Objects in Space
Despite the unbelievable size of space, on local scales there is quite a lot of variety. In our Solar System there are not only our Sun and the planets. In addition, there are further, smaller objects, also called minor bodies, which we briefly introduce in the following.
Asteroids and Meteoroids
An asteroid or a meteoroid are small objects in our Solar System. They orbit the Sun and are mainly composed of rock and metal. Asteroids are smaller than dwarf planets but larger than meteoroids.
According to a new definition, agreed on by the International Astronomical Union (IAU), meteoroids are objects larger than 30 µm and smaller than 1m. Objects smaller than 30 µm are usually called dust and objects larger than 1 m are called asteroids. Most of the known asteroids are located in the asteroid belt, between the orbits of Mars and Jupiter.
If an asteroid has a perihelion smaller than 1.3 AU (1 AU = 150 Mio. km, distance Earth-Sun), it is called a near-Earth asteroid. According to estimations there are about 60 – 100 Mio. near-Earth asteroids with a size larger than 10 m. Currently (2017) about 16 000 of those are known. Some of them (about 500) have a small chance to hit the Earth in the next 100 years. Predictions for a longer time period are unreliable. Intensive studies are carried out to discover more near-Earth asteroids. Furthermore, the risk that the object hits the Earth is computed. Potential countermeasures are planned.
The smaller the object, the more frequent they are. Meteoroids smaller than 30 cm originate mainly from comets. Larger meteoroids from asteroids. Satellites in space are being hit continuously from meteoroids. That is the reason why special protective measures for satellites are needed. They have specially designed thick walls or special protection shields.
In the process of outgassing, comets release meteoroids into space. First, the meteoroids are located along the orbit of the comet as a meteoroids stream. In the course of some 100 or 1000 years they spread and become part of the background distribution. Now they are called sporadic meteoroids.
A comet is an icy body in our Solar System. In general, it has a diameter of some kilometers. A comet is composed of ice, dust, and loose stones. If it passes close to the sun the comet warms up. As a consequence, the ice below the surface is converted into gas. This is called outgassing and produces a visible coma. The different components of the coma are spread by different effects. On the one hand, the solar winds affect the ions. On the other hand, the solar radiation affects the dust particles (meteoroids). This way, two tails are produced, a plasma trail and a dust trail. The common understanding is that comets originate from the protoplanetary disk. Till today they are composed of nearly unchanged material from the origins of our Solar System. That is the reason why comets are very interesting research objects of our Solar System.

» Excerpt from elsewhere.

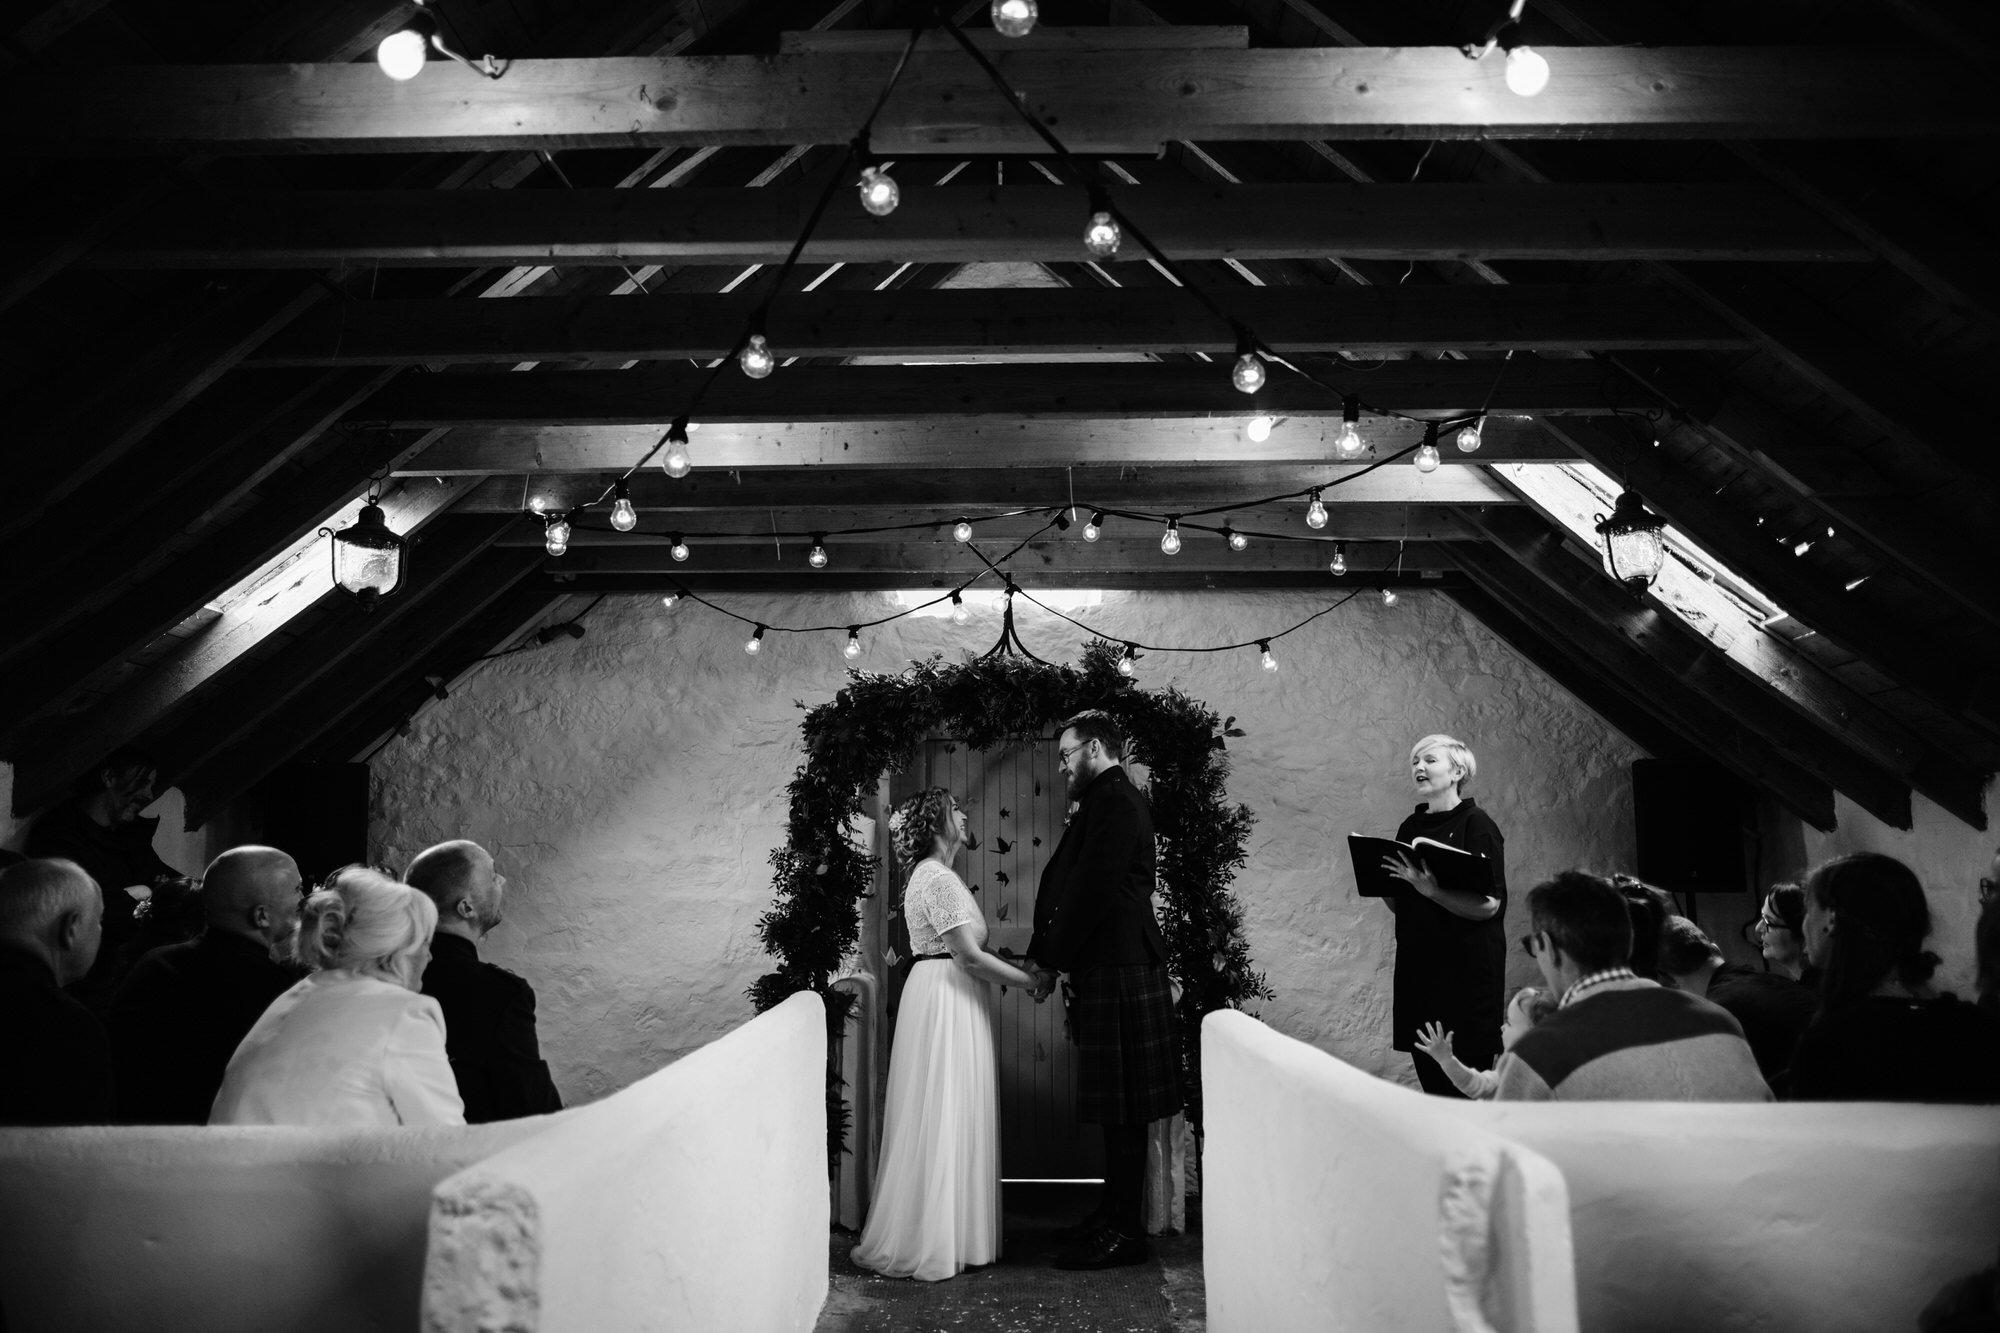 026 TIN SHED KNOCKRAICH WEDDING AUSTRIAN SCOTTISH ZOE ALEXANDRA PHOTOGRAPHY

Since the start of the space age in 1957 thousands of objects have been launched into space. At the end of their lifetime many objects were left in space. In addition to these “dead bodies” there are explosions of rocket stages and collisions creating many more space debris particles. Currently, there are about 20 000 objects in space, which are larger than roughly 10 cm. They are observed continuously from the ground. It is estimated that there are about 700 000 space debris particles larger than 1 cm and even more smaller ones. If these particles hit a satellite, they cause damage like meteoroids. In low Earth orbits (LEO, < 2000 km altitude) and in the range of the geostationary orbit (at a height of around 36 000 km) the flux of space debris particles is already higher than the flux of meteoroids. Beneath 800 – 1000 km height space debris is slowed down by the residual atmosphere and falls back into the atmosphere. This can take decades, centuries, or even millennia, depending on the height.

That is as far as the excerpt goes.